Мой ангел Крысолов — страница 3 из 60

Жмых подставил солнышку другой бок и покосился на стену. Видеть-то он, конечно, замок теперь видит, да все одно без приглашения входить как-то неудобно. Вон они, воротца, в каменную стену утоплены, все плющом увиты, железом окованы. Маленькие воротца, одному пройти. Можно постучать — Подорожник явится, или кто другой. Чаще Подорожник — у него ноги длинные. Но можно, кажись, и не стучать вовсе, просто к воротам подойти: все равно кто-нибудь да почует гостя, либо Умник, либо крошечка Жюли, маленькая куколка, совсем чуть-чуть повыше Жмыха росточком. Ну, и сразу Подорожнику скажут: там, мол, у ворот Петрушка Жмых стоит, отвори, мол, ему.

Петрушка шмыгнул конопатым носом и стал надевать башмаки. Неудобно в них, но и без них в гости вроде как неудобно. Скажут — вот, пришел, мало что дурак, так еще и босой. Хотя они и сами почем зря босиком шастают. Но они хозяева, им, наверное, можно.

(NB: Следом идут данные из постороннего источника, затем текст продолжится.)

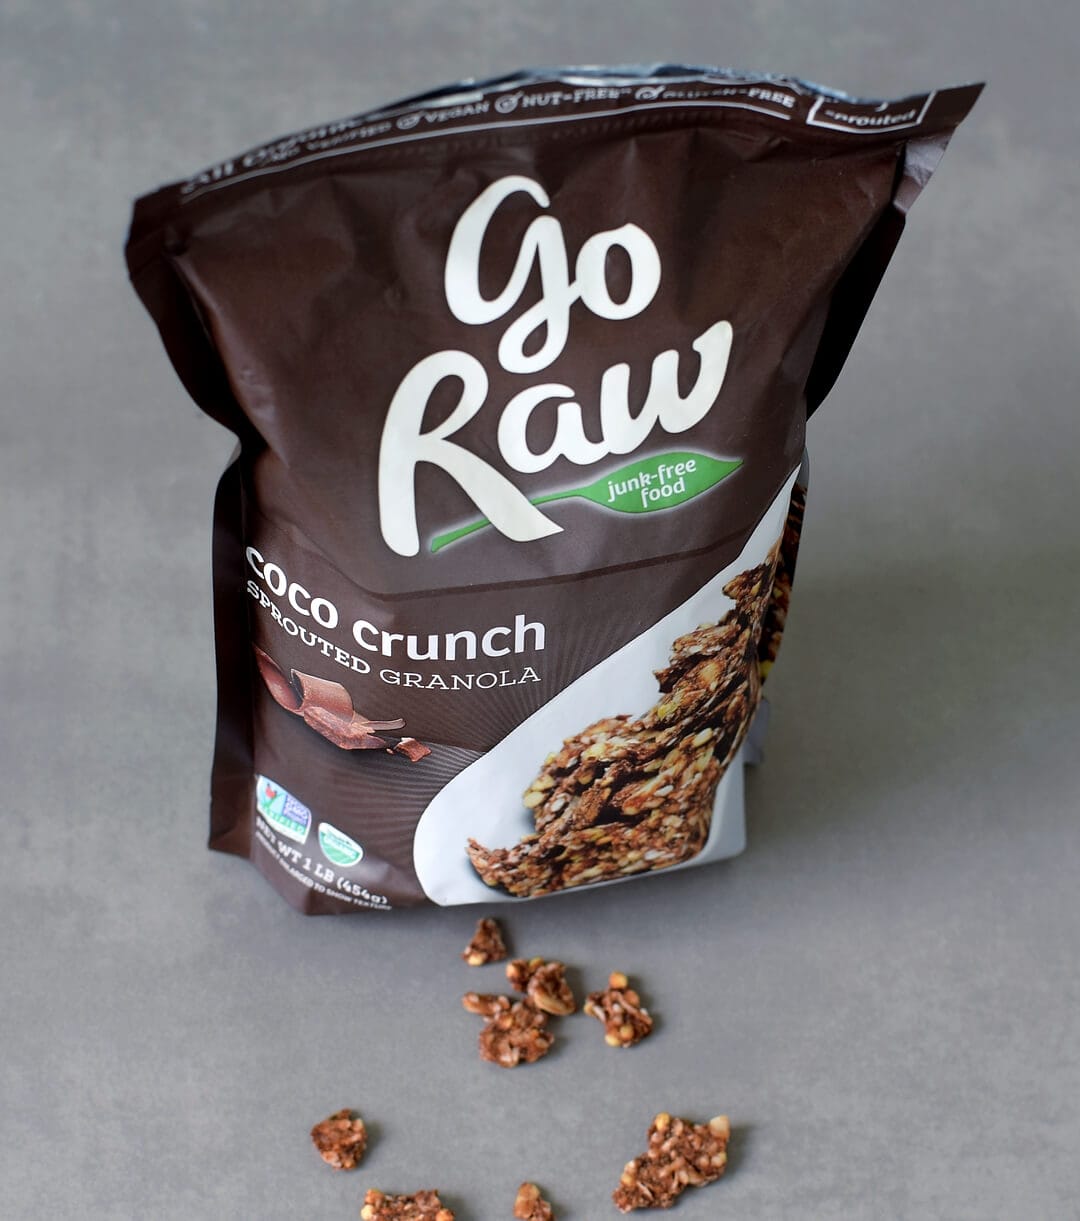 Go Raw coco crunch

Нерешительно подобравшись к воротцам, дурачок огляделся по сторонам — мало ли, может, рыбак какой притащился на закате рыбку половить. Увидит еще. Ему-то, рыбаку-то, замок — не замок, а скала, но вдруг как заметит, что Петрушка в скалу вошел, и та перед ним отворилась? На кол посадят, и к бабке не ходи.

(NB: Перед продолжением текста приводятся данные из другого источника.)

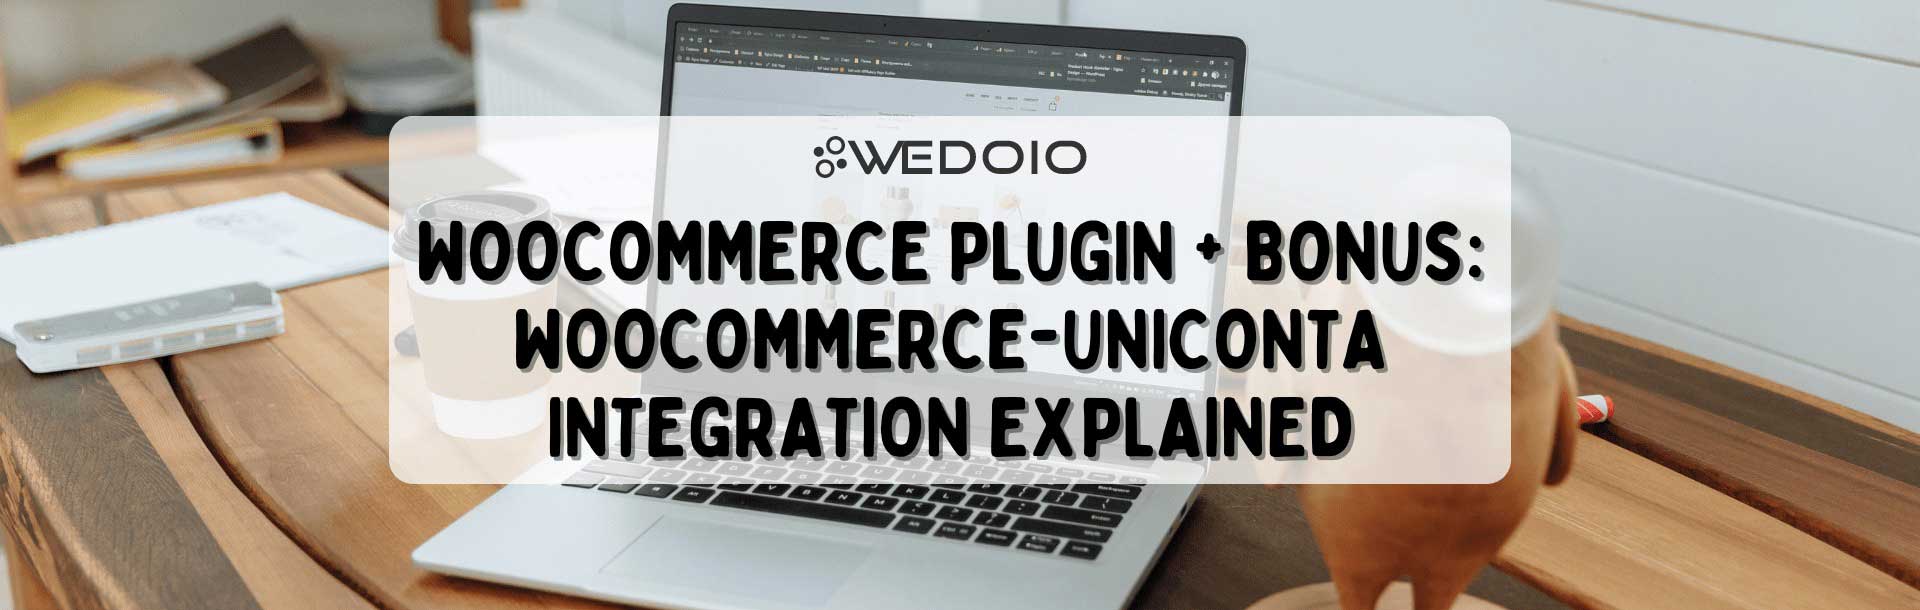 WooCommerce Plugin + Bonus: WooCommerce-Uniconta Integration Explained

Он поднял руку, чтобы поскрестись в ворота, но они сами услужливо распахнулись, и Жмых начал поднимать глаза — долго-долго поднимал, пока до красивого лица Подорожника добрался: нос прямой, рот твердый, широкий, глаза веселые, прямо этот… лыцарь. А уж длинный-то, сил нет.

— Ну, чего стоишь, Петруша? — спросил Подорожник ласково. — Заходи.

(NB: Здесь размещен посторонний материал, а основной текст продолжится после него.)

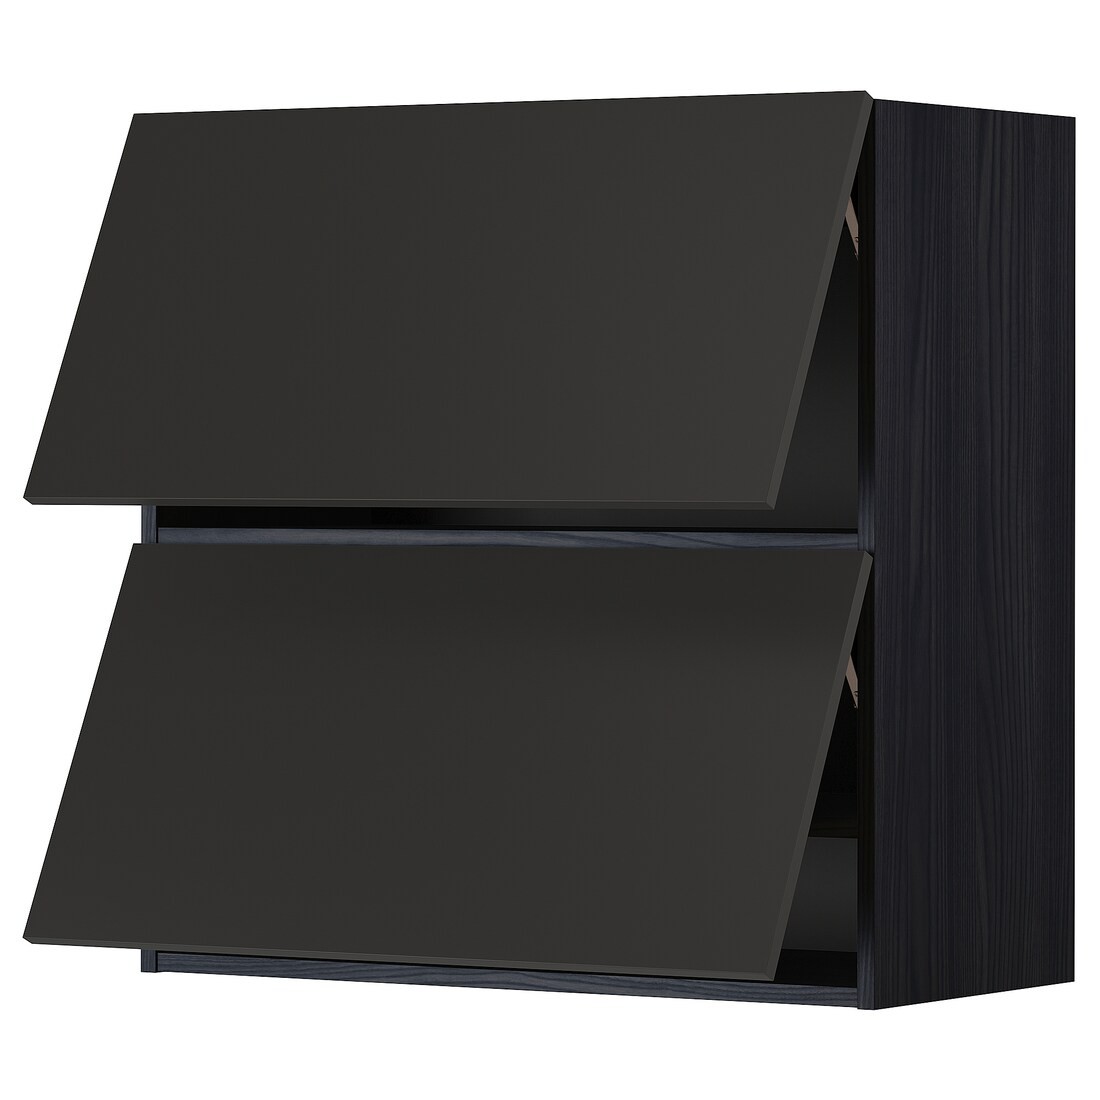 METOD МЕТОД Навесной горизонтальный шкаф / 2 двери, черный / Nickebo матовый антрацит, 80x80 см

И воротца за ним закрыл. А там Нета по двору бежит, — босиком, кстати, — зеленые глазища заплаканы. Случилось что?..

— Здравствуй, Петруша, — говорит она ему горько. — Предатель ты. Зачем нас Учителю выдал, что мы в город ходили? Он теперь сердится.

Петрушка покраснел так, что все веснушки пропали, голову опустил. А что тут скажешь? Попробуй-ка от Корабельника что-нибудь скрой! Он же так смотрит, что голова у человека отваливается, а глаза, наоборот, наружу вылезают, как у жабы. Сама, поди, знает.

Нета, конечно, знала — вздохнула, обняла Жмыха, не побрезговала уродом.

— Ладно, — говорит, — не обижайся. Я знаю-знаю, как Учитель глазами смотрит. Хочешь пряничка, Петруша? Я сама пекла. На, возьми, а эти я Тошке отнесу. В лазарет.

Тут у Жмыха прямо ноги подкосились. В лазарет?! Когда он Алису, Снегурочку нежную, из лесу полумертвую приволок, ее и то ни в какой лазарет не клали: Лекарь только посмотрел вот так, и вот так пальцами шевельнул, она и встала. А чего в лазарет-то?.. Неужто Тритон в городе заразился? Петрушка с начала эпидемии в лесу в шалаше живет: прямо шалаш построил и живет. Его Тритон же и научил, он на эти шалаши мастер.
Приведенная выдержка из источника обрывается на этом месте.